22 novembre 2023 | Simone Kral

Pendant 24 ans, Tove Larsen, ingénieure chimiste, a œuvré et travaillé à l’Eawag: Elle était la première femme à l’Eawag à occuper une position de cadre dans le secteur de la gestion des eaux urbaines, initiatrice et cheffe du projet interdisciplinaire Novaquatis, responsable de groupe et membre de la direction de l’Eawag. Son champ d’action s’étend de la séparation de l’urine et des toilettes Blue Diversion au Wings, en passant par le Water Hub. Maintenant, Tove Larsen est à la retraite.

Qu’est-ce qui vous a menée à l’Eawag?

C’était il y a longtemps. En 1999, j’étais première assistante à la chaire pour la gestion des eaux urbaines et enseignante à l’EPF Zurich pour la technologie des procédés de traitement des eaux usées. Pendant mes années à l’EPF, j’avais étudié intensivement le sujet du développement durable dans la gestion des eaux urbaines – en discutant également avec mes collègues de l’Eawag. J’ai étudié différentes thématiques pour finalement décider de suivre l’idée de séparation de l’urine.

Je suis entrée officiellement à l’Eawag en 1999. La direction souhaitait initier un projet interdisciplinaire sur la gestion durable des eaux urbaines et m’a proposé le poste. J’avais un peu d’expérience avec de tels projets car je faisais partie dès 1993 du comité de direction de projet de l’axe de recherche – un projet préliminaire des projets interdisciplinaires. Rétrospectivement, l’ouverture de l’Eawag à l’exploration de nouveaux terrains me semble remarquable. Le directeur de l’époque, Alexander Zehnder, et les deux vice-directeurs ont cru à mes idées, même si elles étaient assez éloignées de la réalité.
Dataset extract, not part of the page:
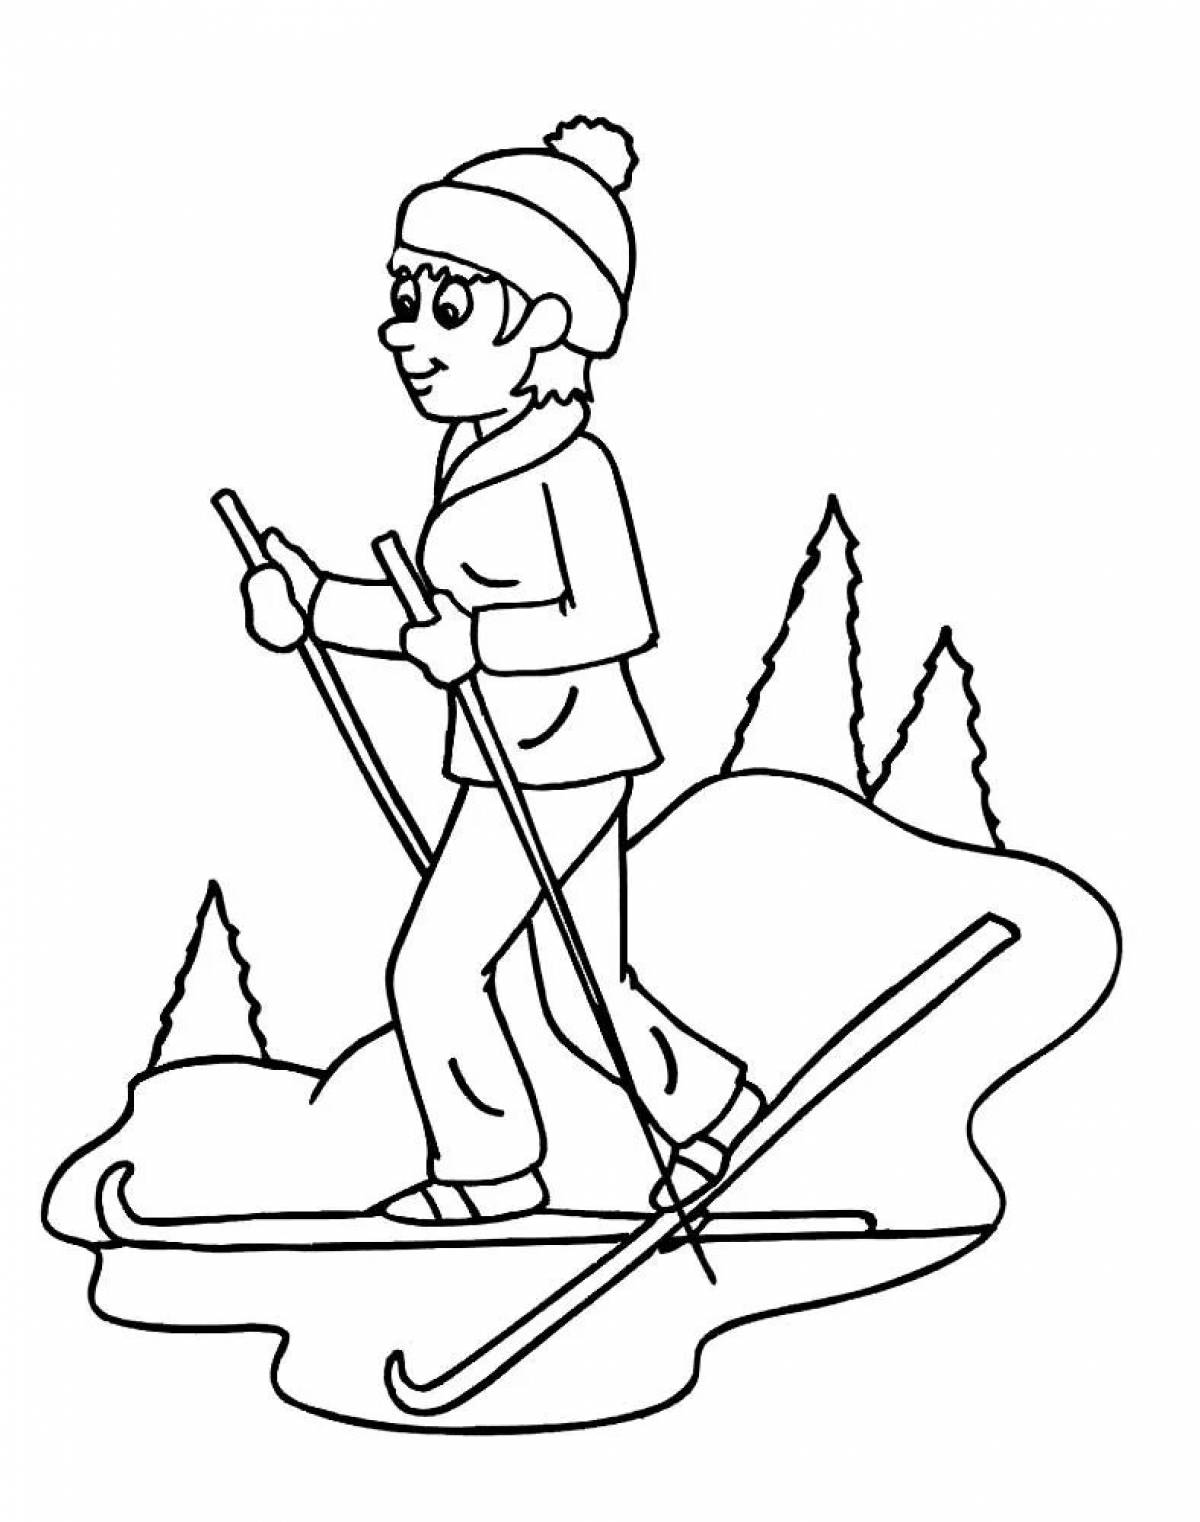 Toddler skier #15
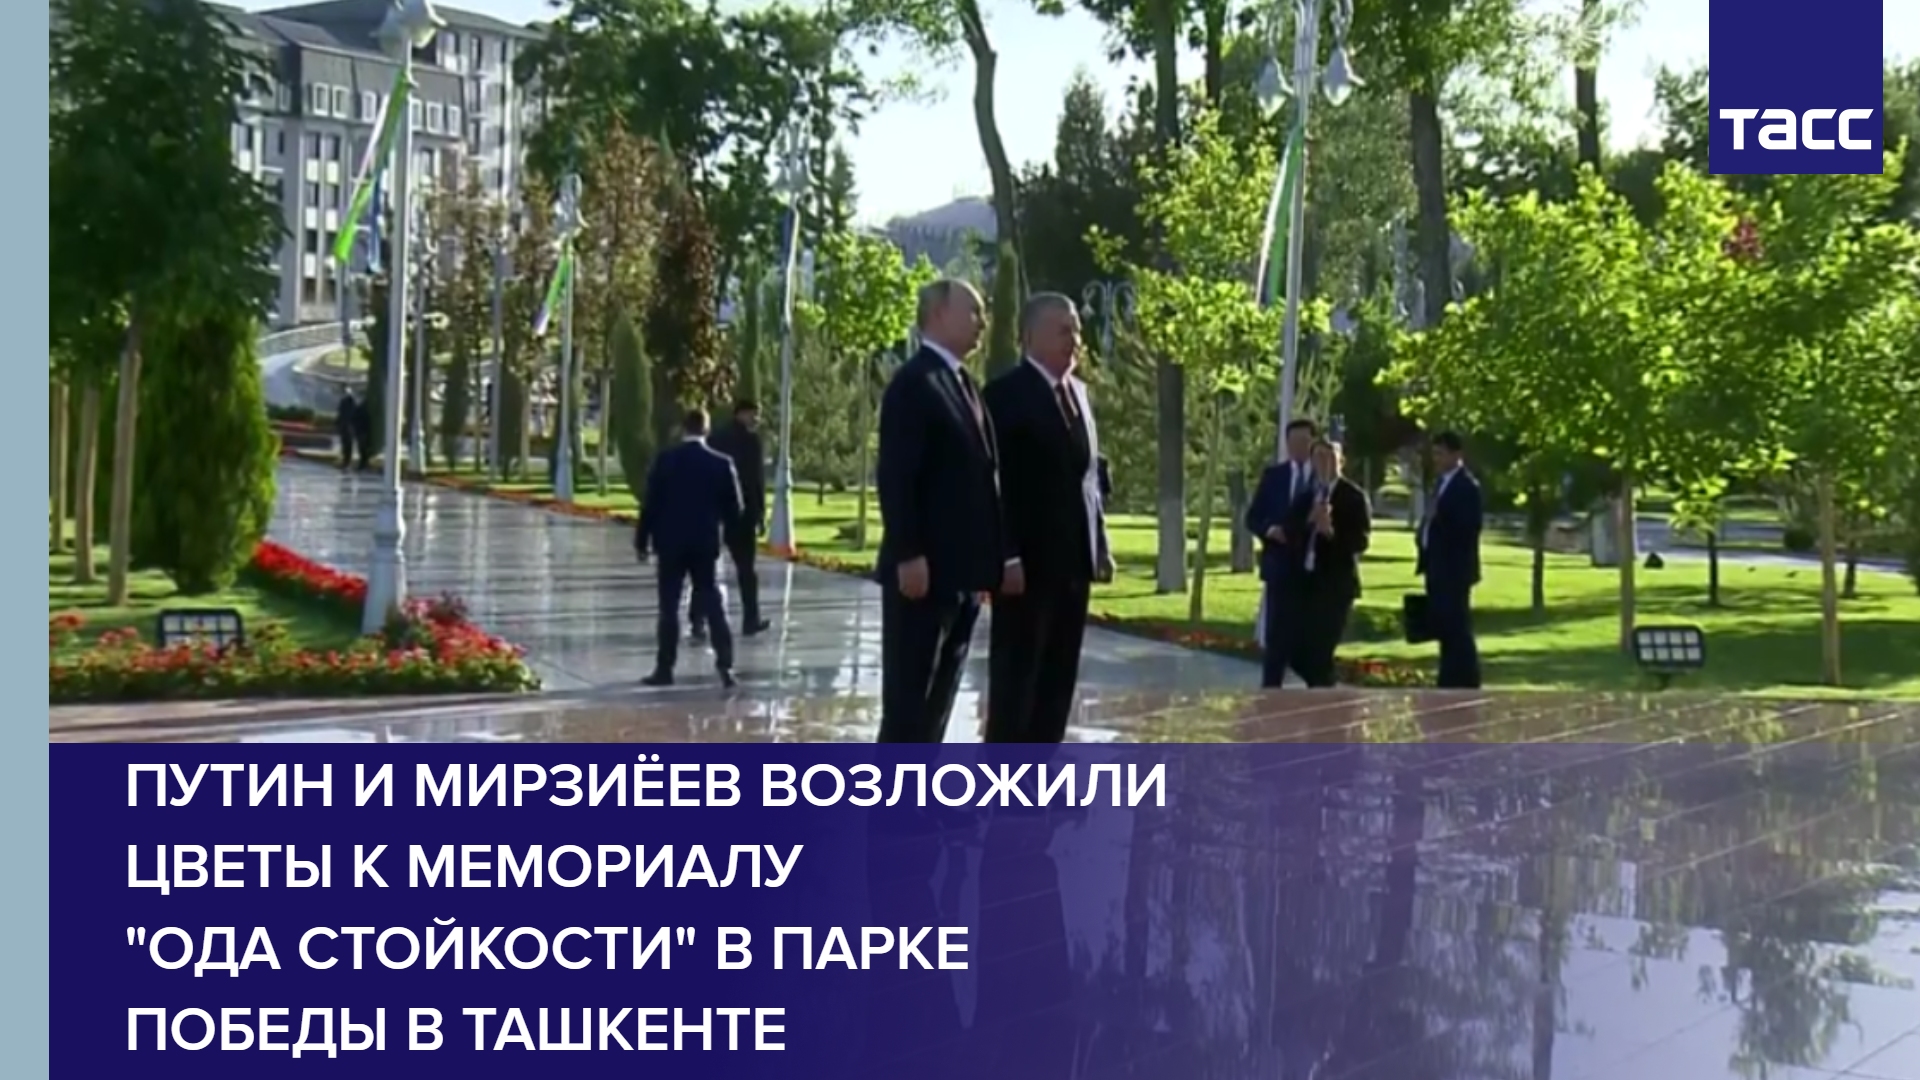 Путин и Мирзиёев возложили цветы к мемориалу "Ода стойкости" в Парке Победы в Ташкенте

Un poste passionnant m’a été proposé, lequel est devenu un emploi fixe

Et puis il y a eu Novaquatis?

Exactement. Novaquatis était l’un des premiers projets interdisciplinaires de l’Eawag, sur lequel nous avons travaillé pendant six ans de manière transdisciplinaire sur la séparation de l’urine et la technologie NoMix, comme nouvel élément du traitement des eaux usées. Notre objectif était et reste de mieux protéger les cours d’eau des apports de nutriments et des micropolluants et de fermer les cycles des nutriments. Novaquatis a montré que la technologie NoMix est une bonne alternative à l’élimination centrale des nutriments, mais a aussi mis au jour les nombreuses difficultés de mettre ces idées en œuvre dans la pratique.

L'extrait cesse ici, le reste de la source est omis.